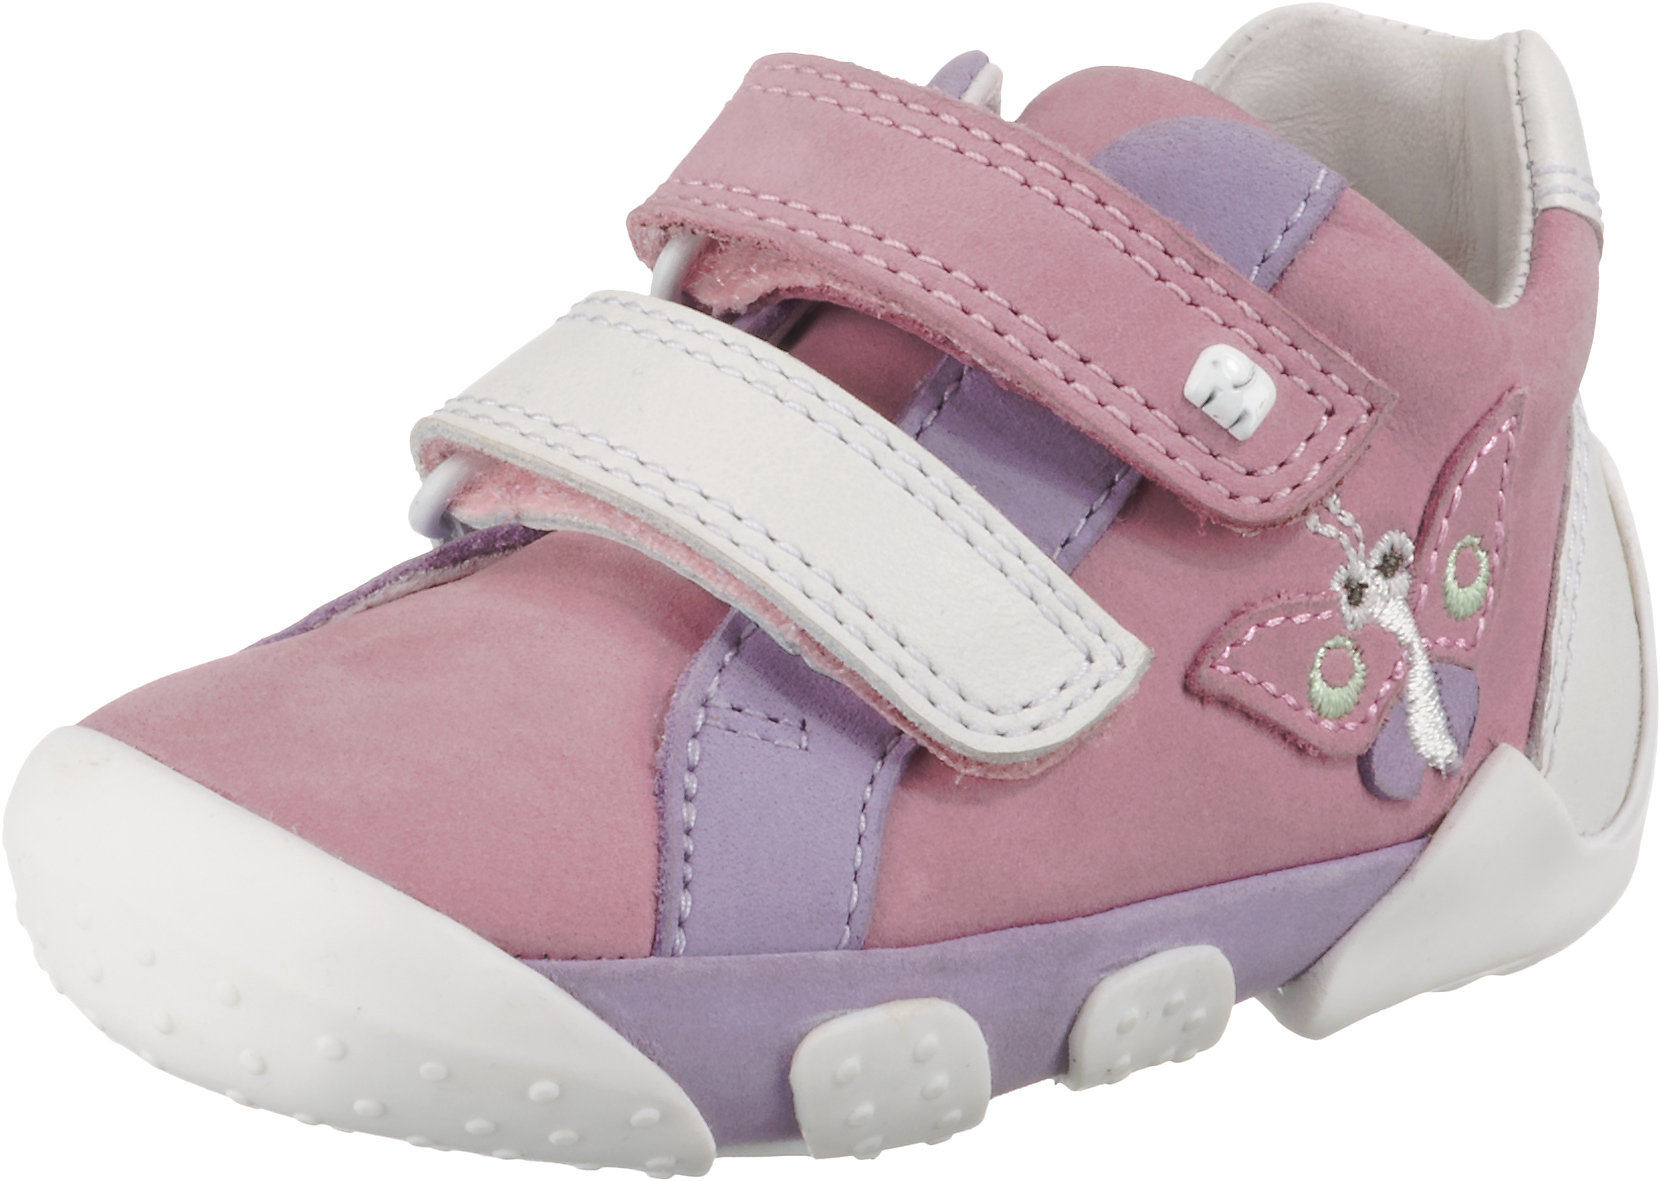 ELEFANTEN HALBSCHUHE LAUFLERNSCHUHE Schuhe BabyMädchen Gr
--
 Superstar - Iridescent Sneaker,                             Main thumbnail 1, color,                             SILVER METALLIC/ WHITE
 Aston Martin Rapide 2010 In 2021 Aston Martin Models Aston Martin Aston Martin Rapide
--
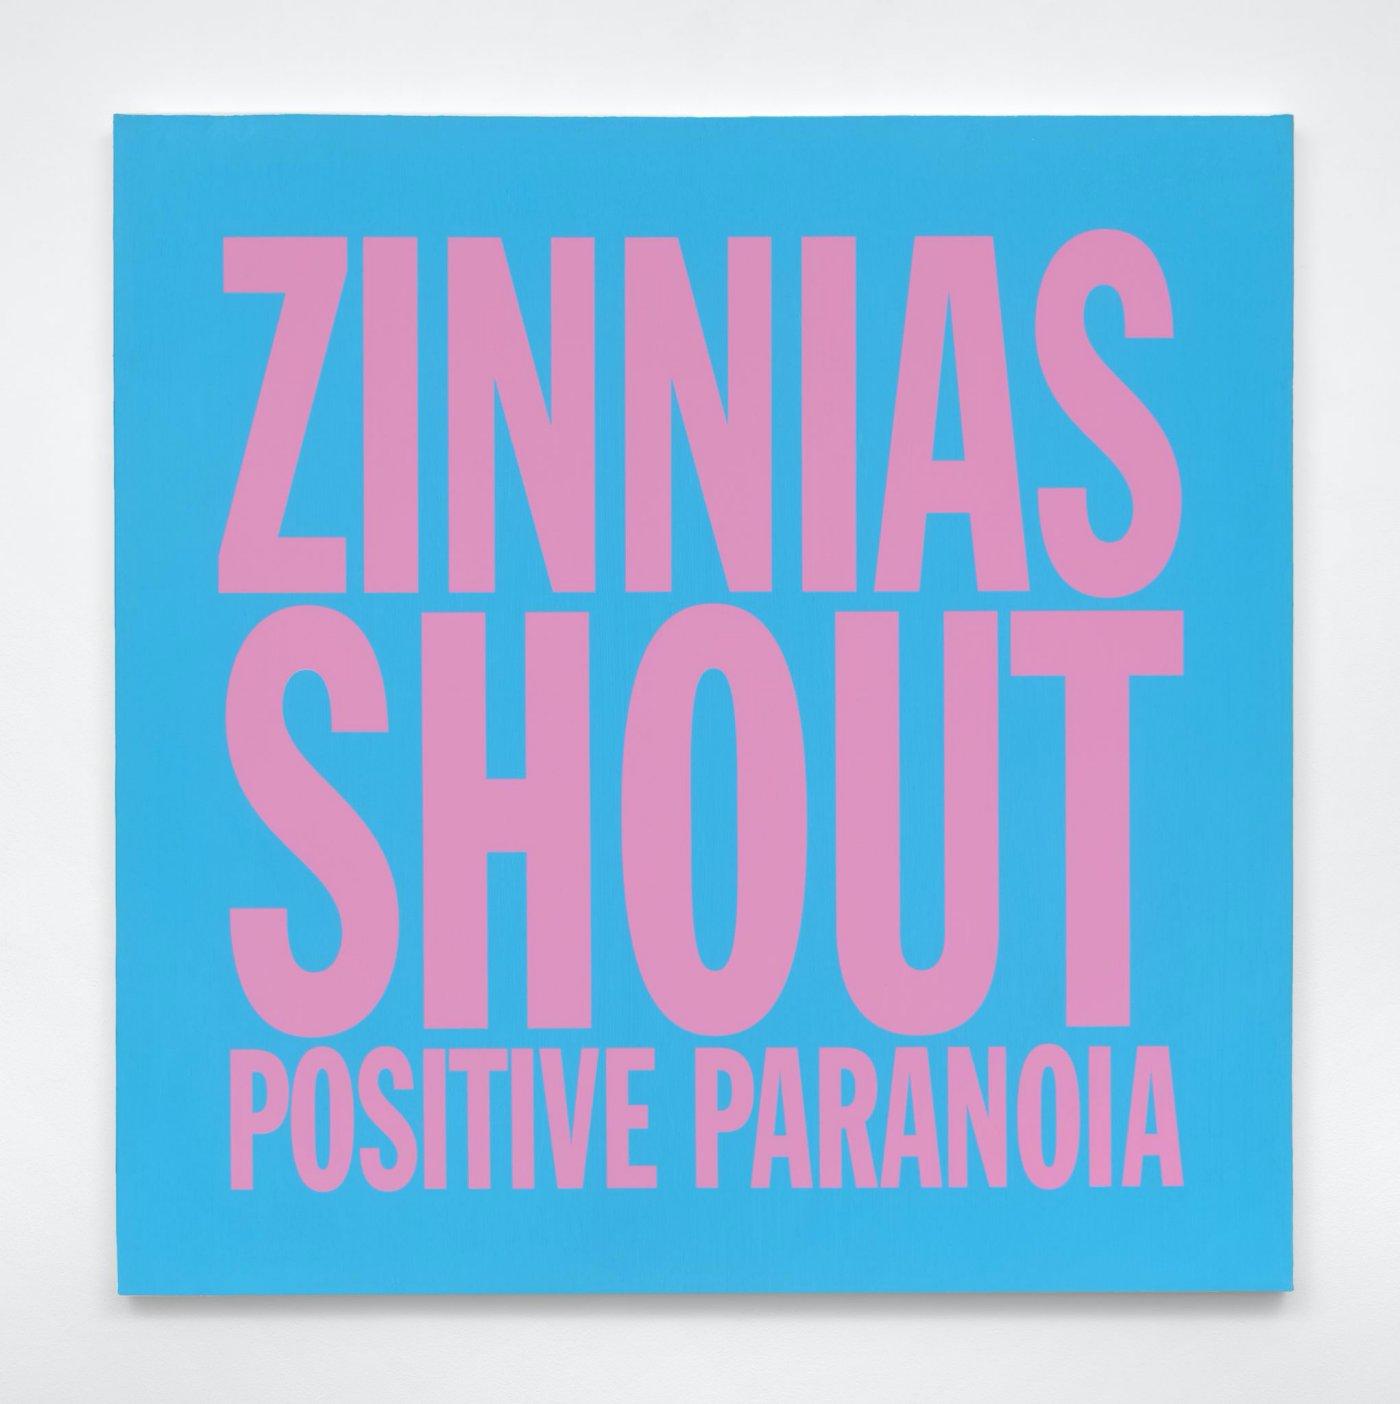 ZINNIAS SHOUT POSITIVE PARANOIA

[ASSIGNMENT] Go through the listing above and write out exactly the lines starting with the one holding "Superstar - Iridescent" and running through the one holding "Aston Martin Rapide 2010", ends included, and no others.

[REPLY TO THE EXERCISE]
 Superstar - Iridescent Sneaker,                             Main thumbnail 1, color,                             SILVER METALLIC/ WHITE
 Aston Martin Rapide 2010 In 2021 Aston Martin Models Aston Martin Aston Martin Rapide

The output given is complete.